**INFORMATION PROVIDED**
"""
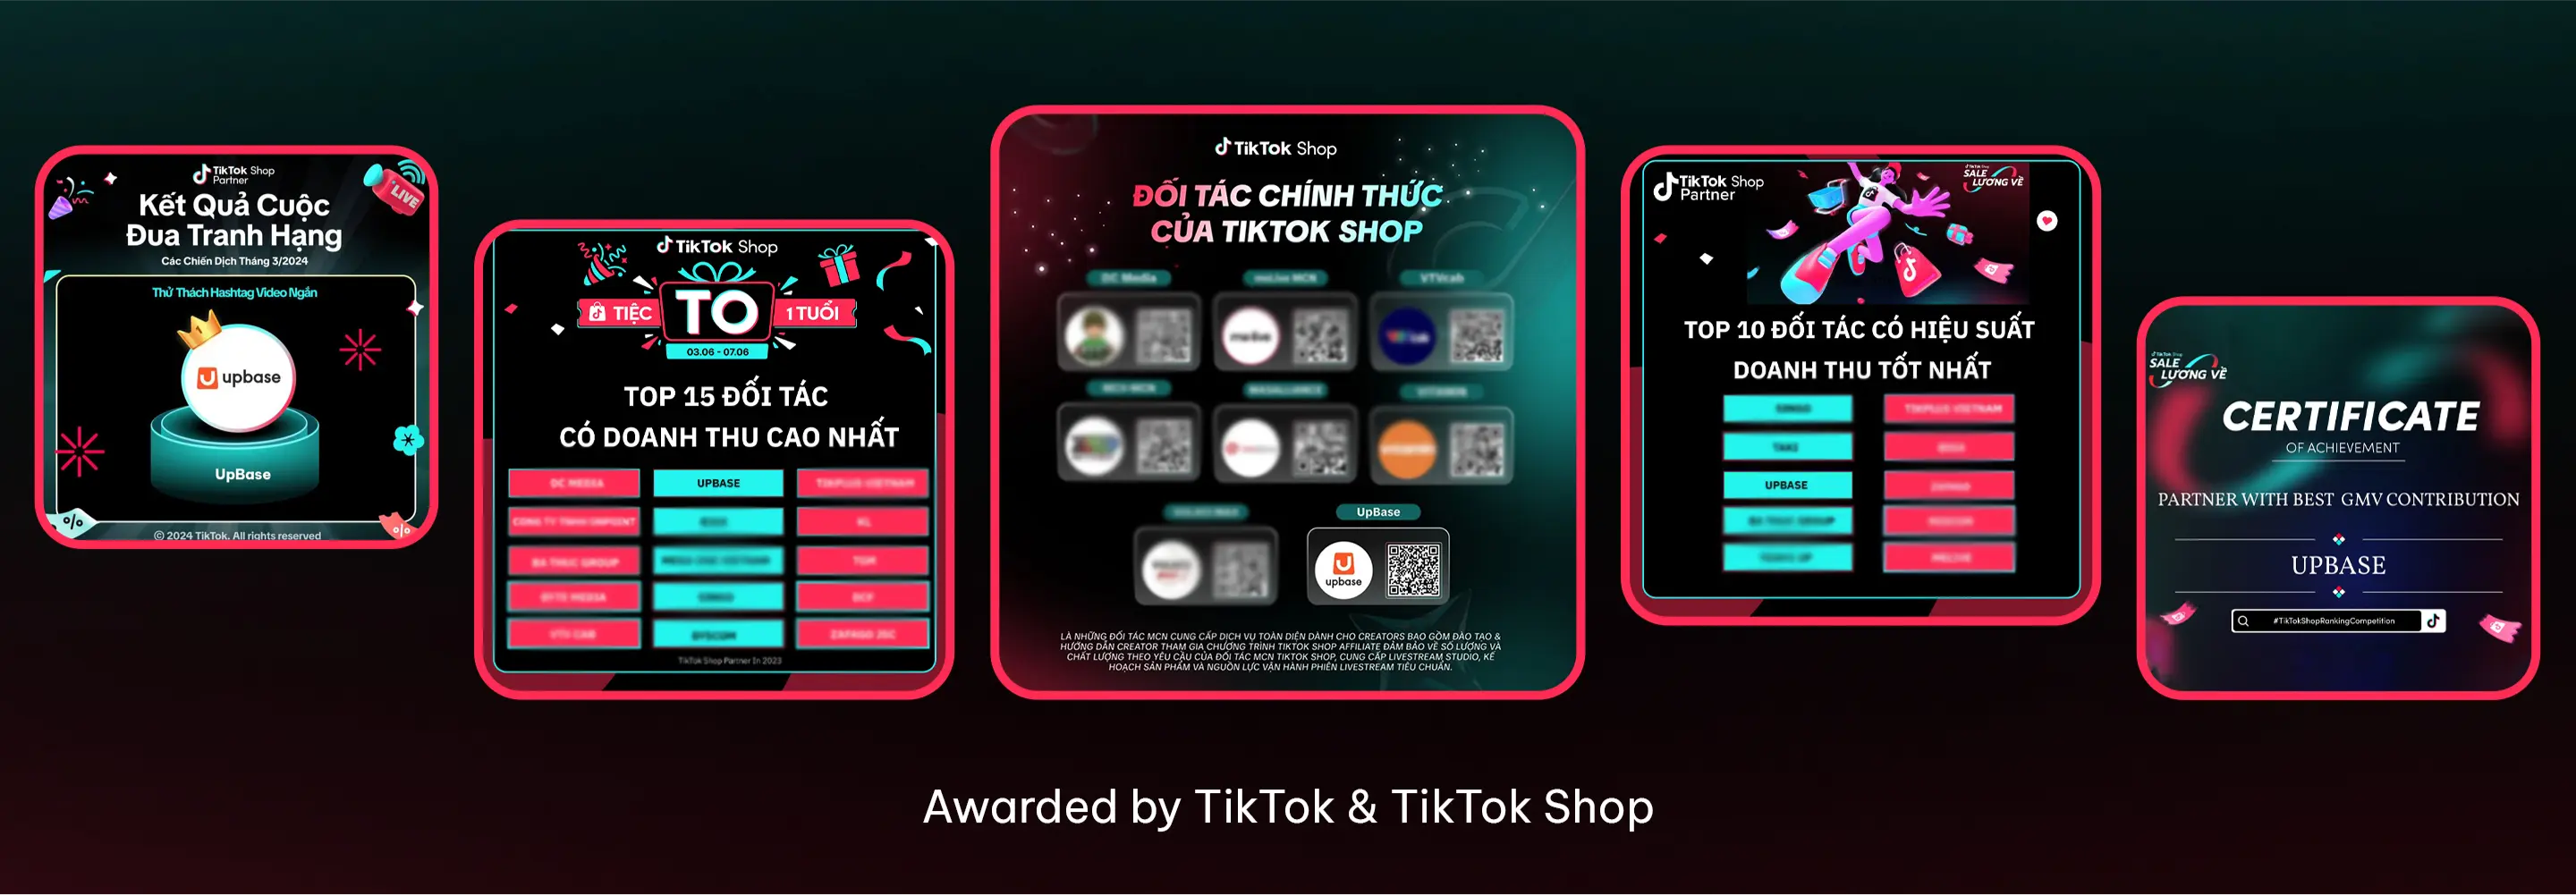 Đối tác chính thức của TikTok Shop
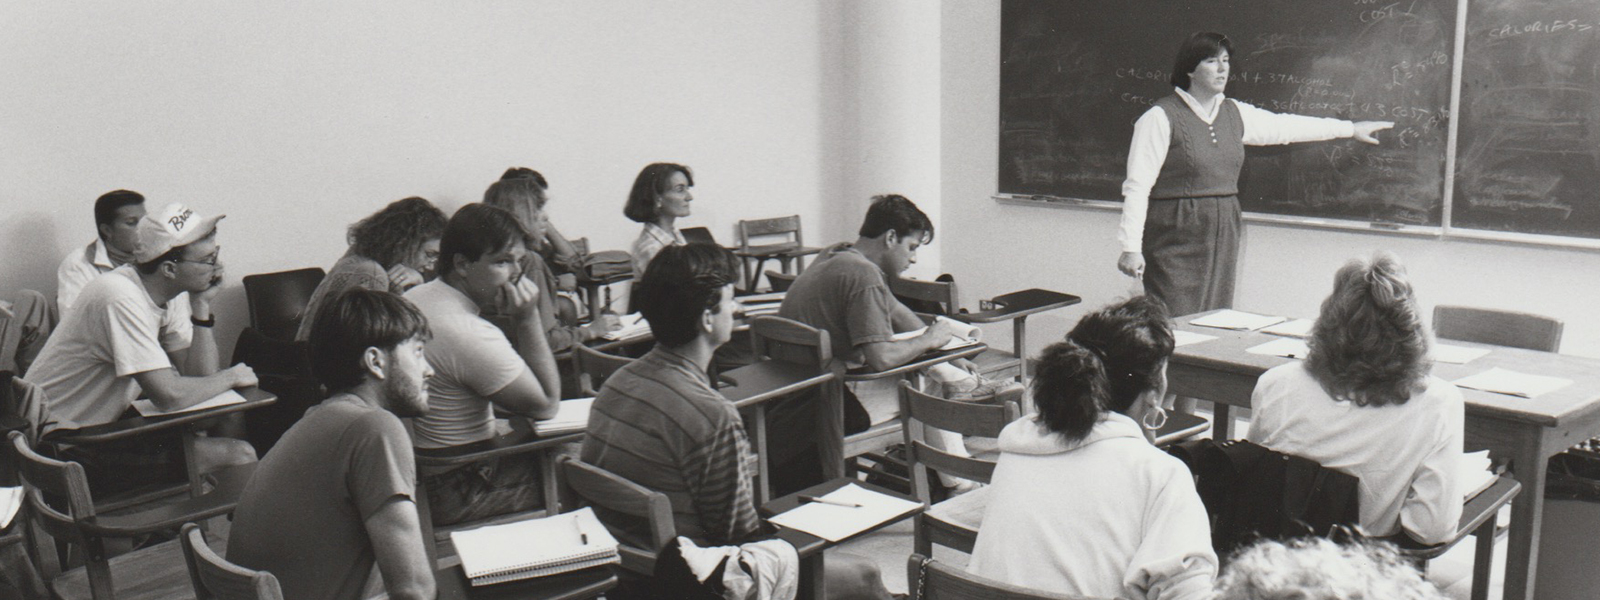 CU Denver classroom, circa 1990s
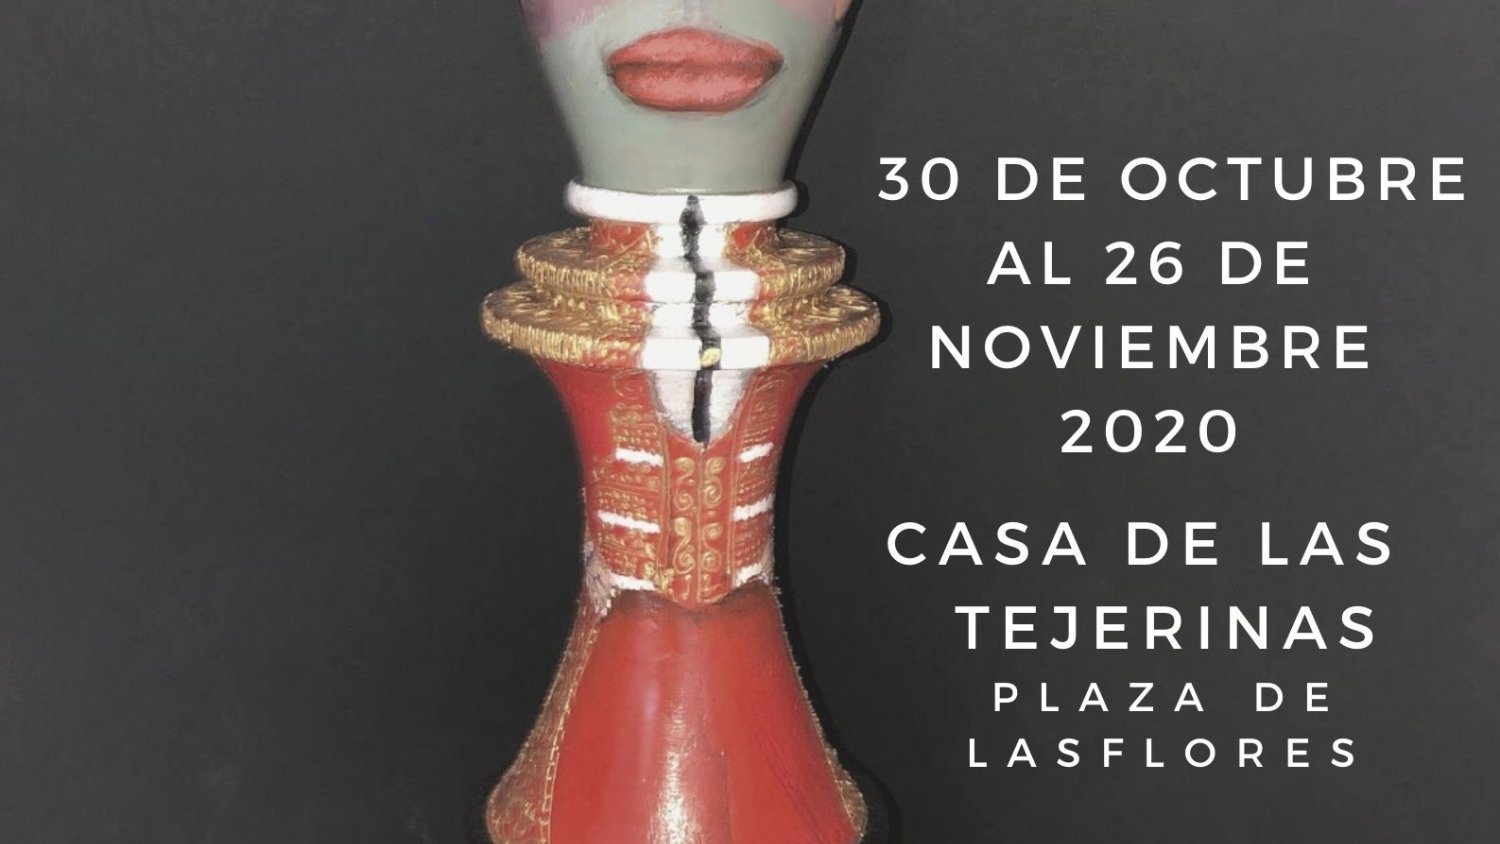 La Casa de Las Tejerinas de Estepona acoge la exposición ‘Proyecto Cobachotix’ Ajedrez
"""
**HOW TO COMPLETE THIS TASK**
Repeat all the material above exactly, apart from the pictures.

**SOLUTION TO THE EXERCISE**
 Đối tác chính thức của TikTok Shop
 CU Denver classroom, circa 1990s
 La Casa de Las Tejerinas de Estepona acoge la exposición ‘Proyecto Cobachotix’ Ajedrez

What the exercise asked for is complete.